◆ WORK ORDER:
Everything in the listing should be copied exactly, save for the pictures.

◆ GIVEN MATERIAL:

- Opening Delimiter -

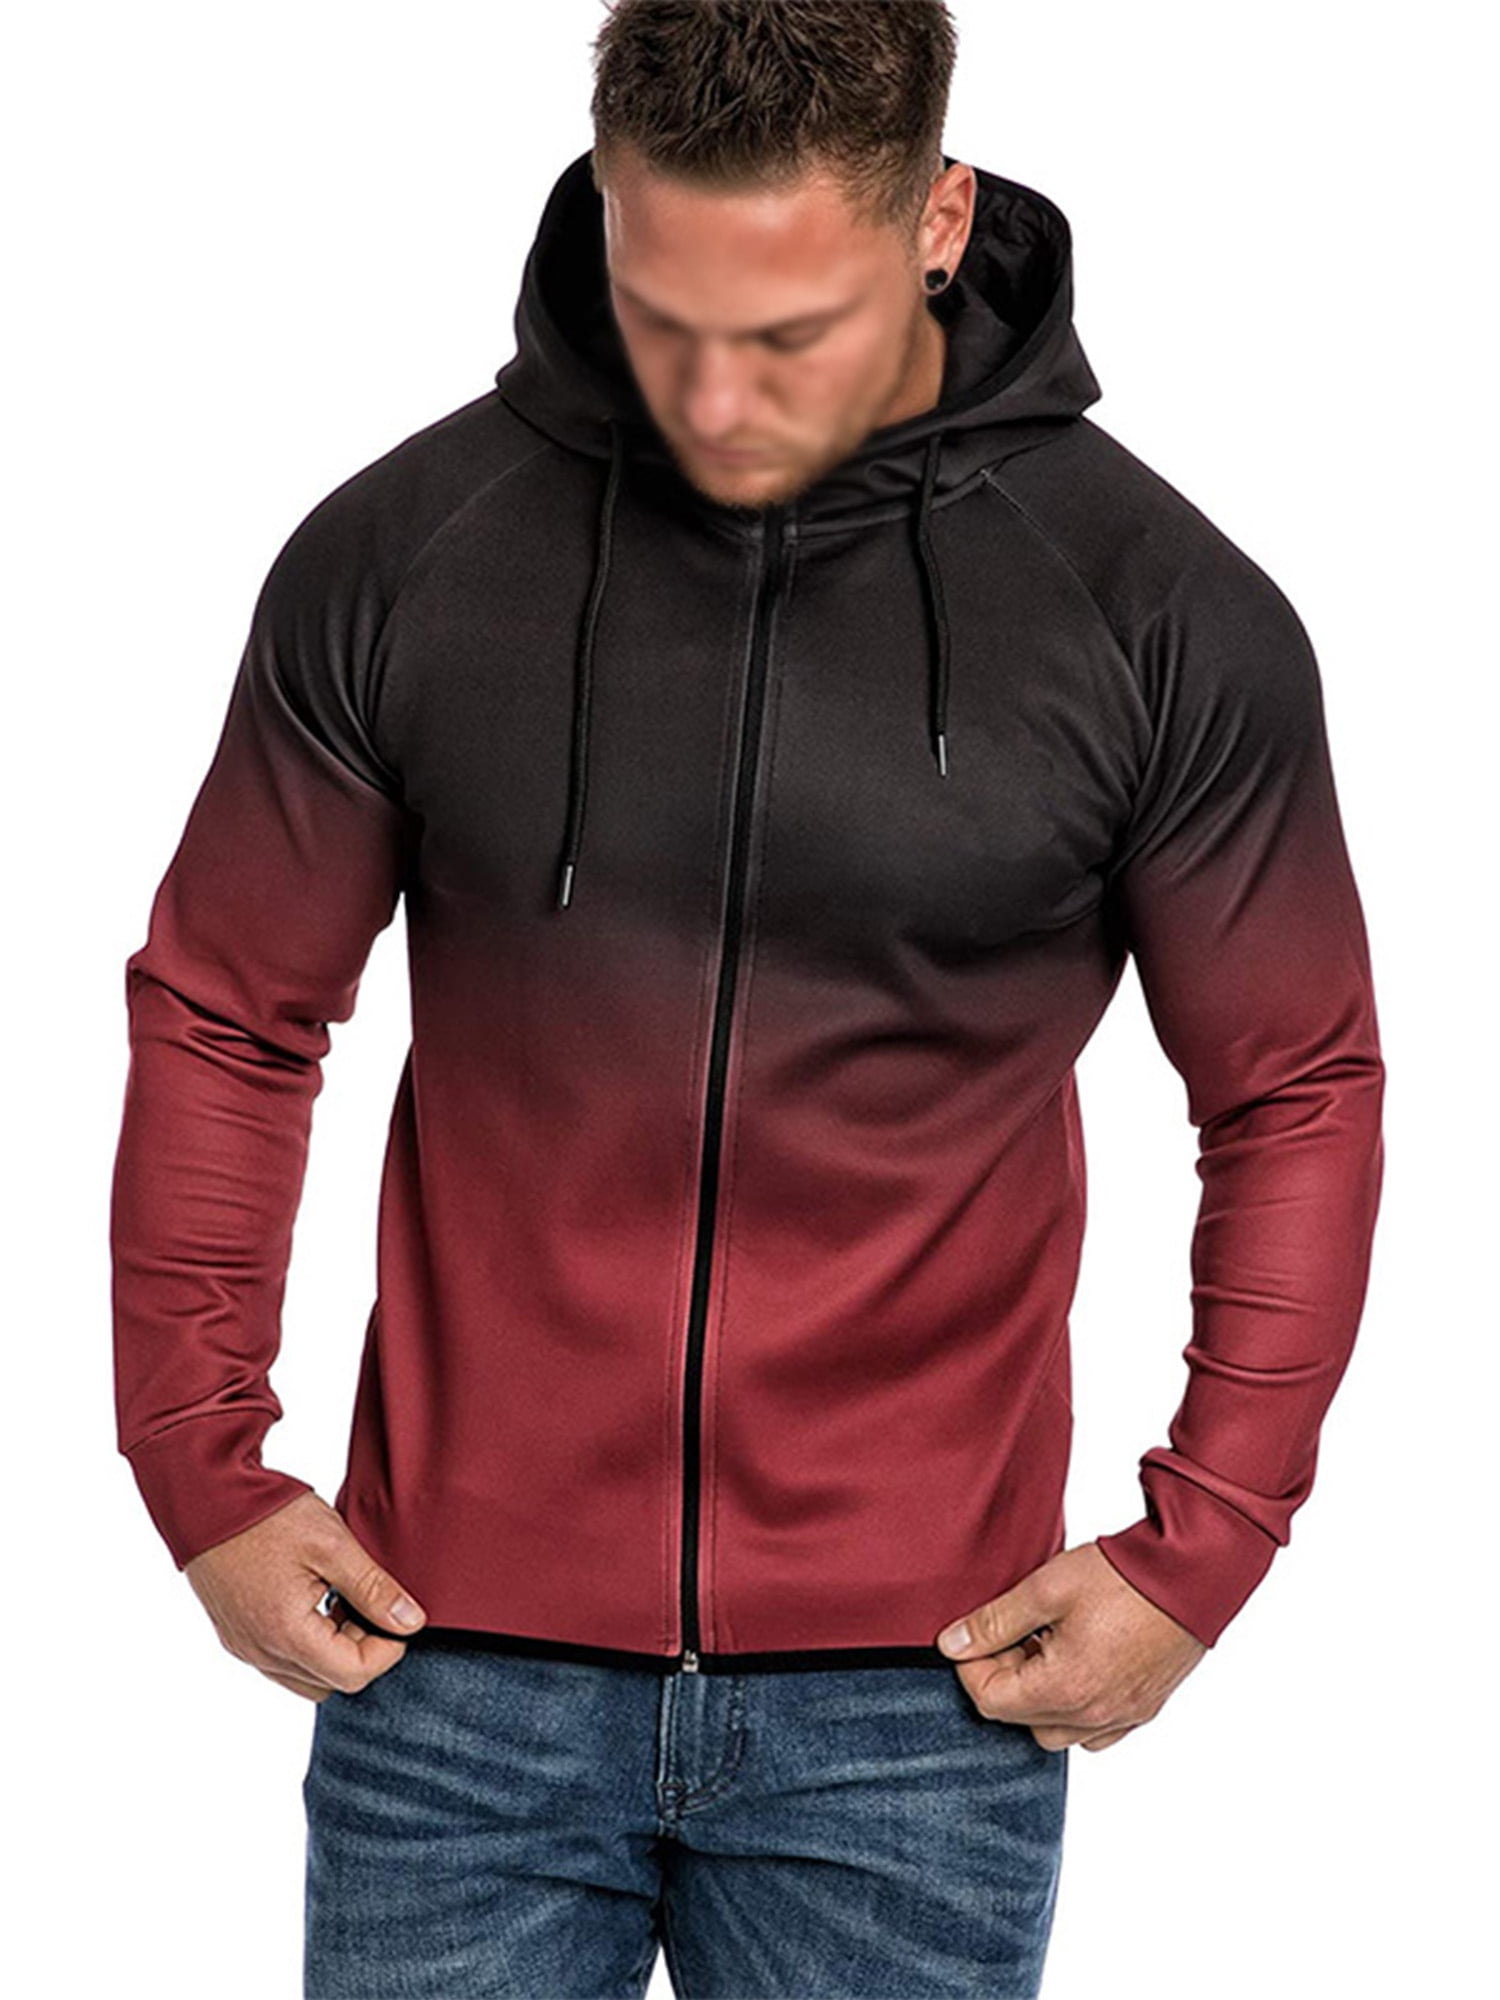 Long Sleeve Casual Solid Hoodies Coat Outwear MODOQO Pullover Sweatshirt for Men 
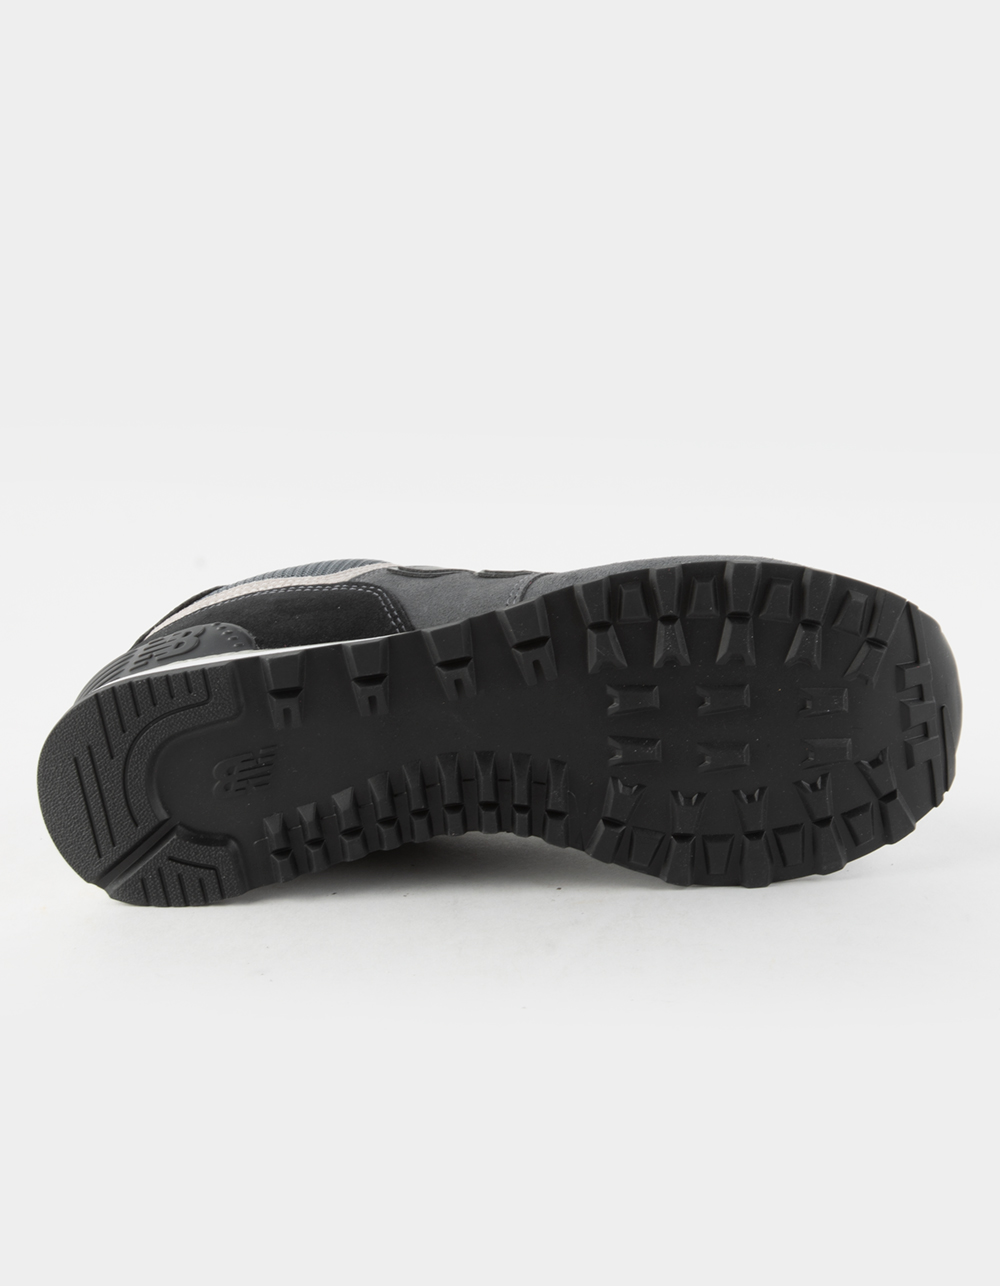 NEW BALANCE 574 Mens Shoes - GRAY/BLACK | Tillys
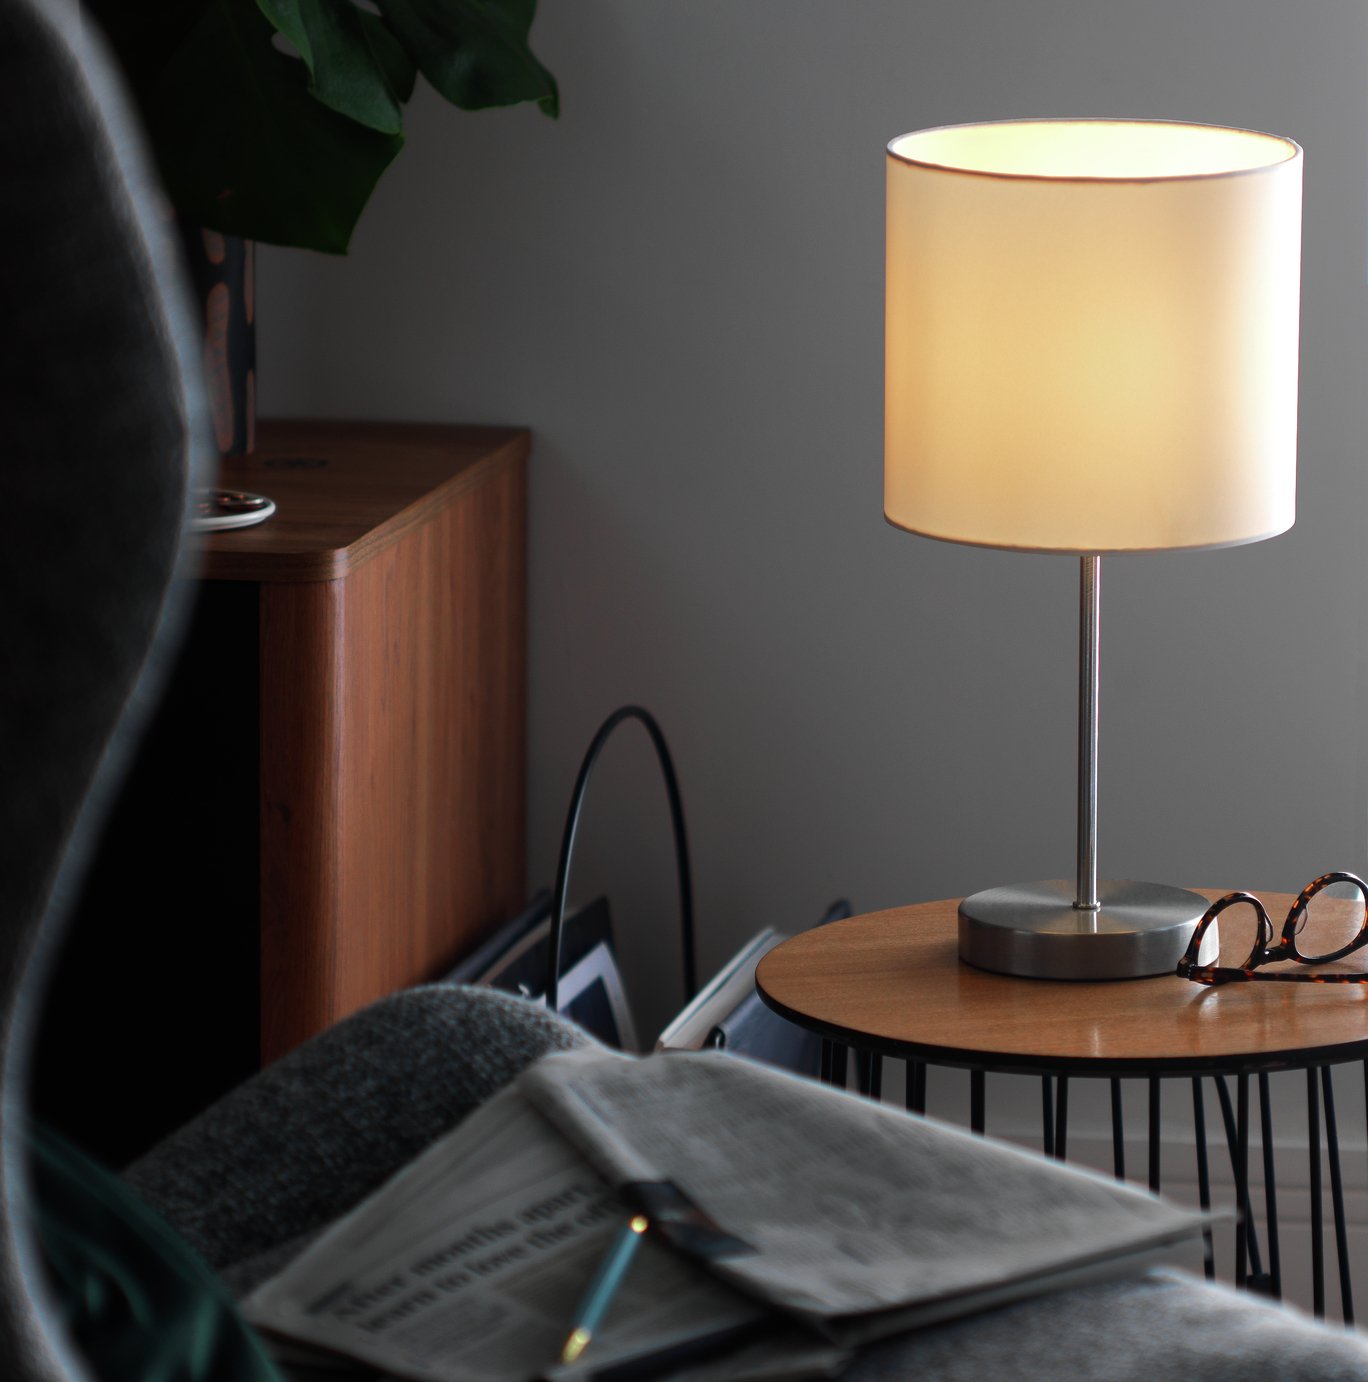 Argos Home Satin Stick Table Lamp - Natural
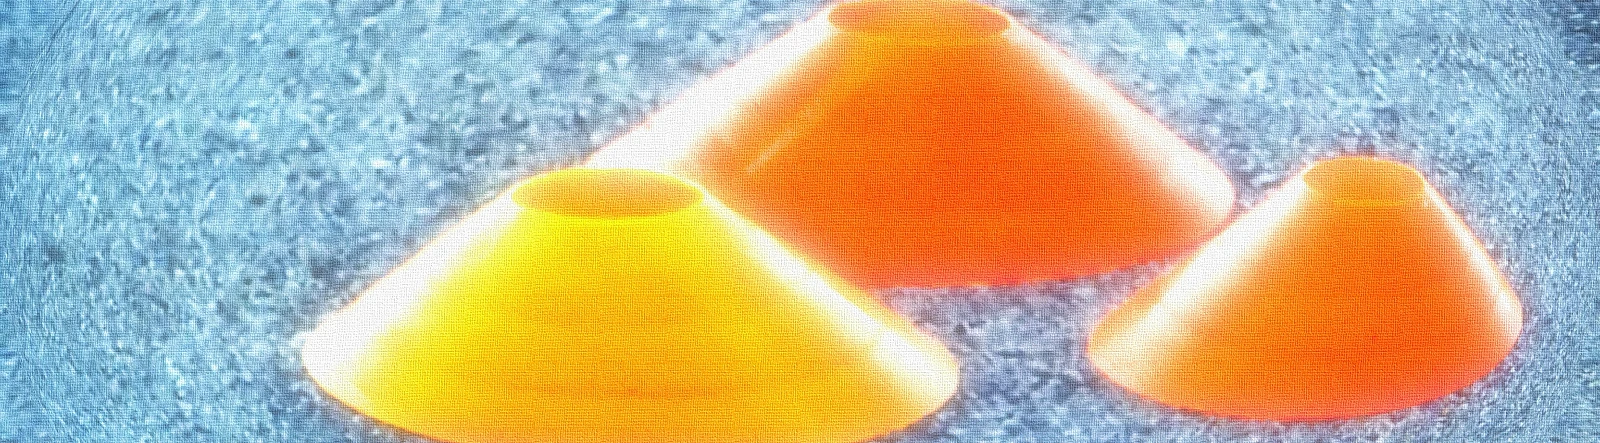 Three glowing orange flexi cones on a blue background

- Closing Delimiter -

◆ ANSWER SECTION:
 Long Sleeve Casual Solid Hoodies Coat Outwear MODOQO Pullover Sweatshirt for Men 
 NEW BALANCE 574 Mens Shoes - GRAY/BLACK | Tillys
 Argos Home Satin Stick Table Lamp - Natural
 Three glowing orange flexi cones on a blue background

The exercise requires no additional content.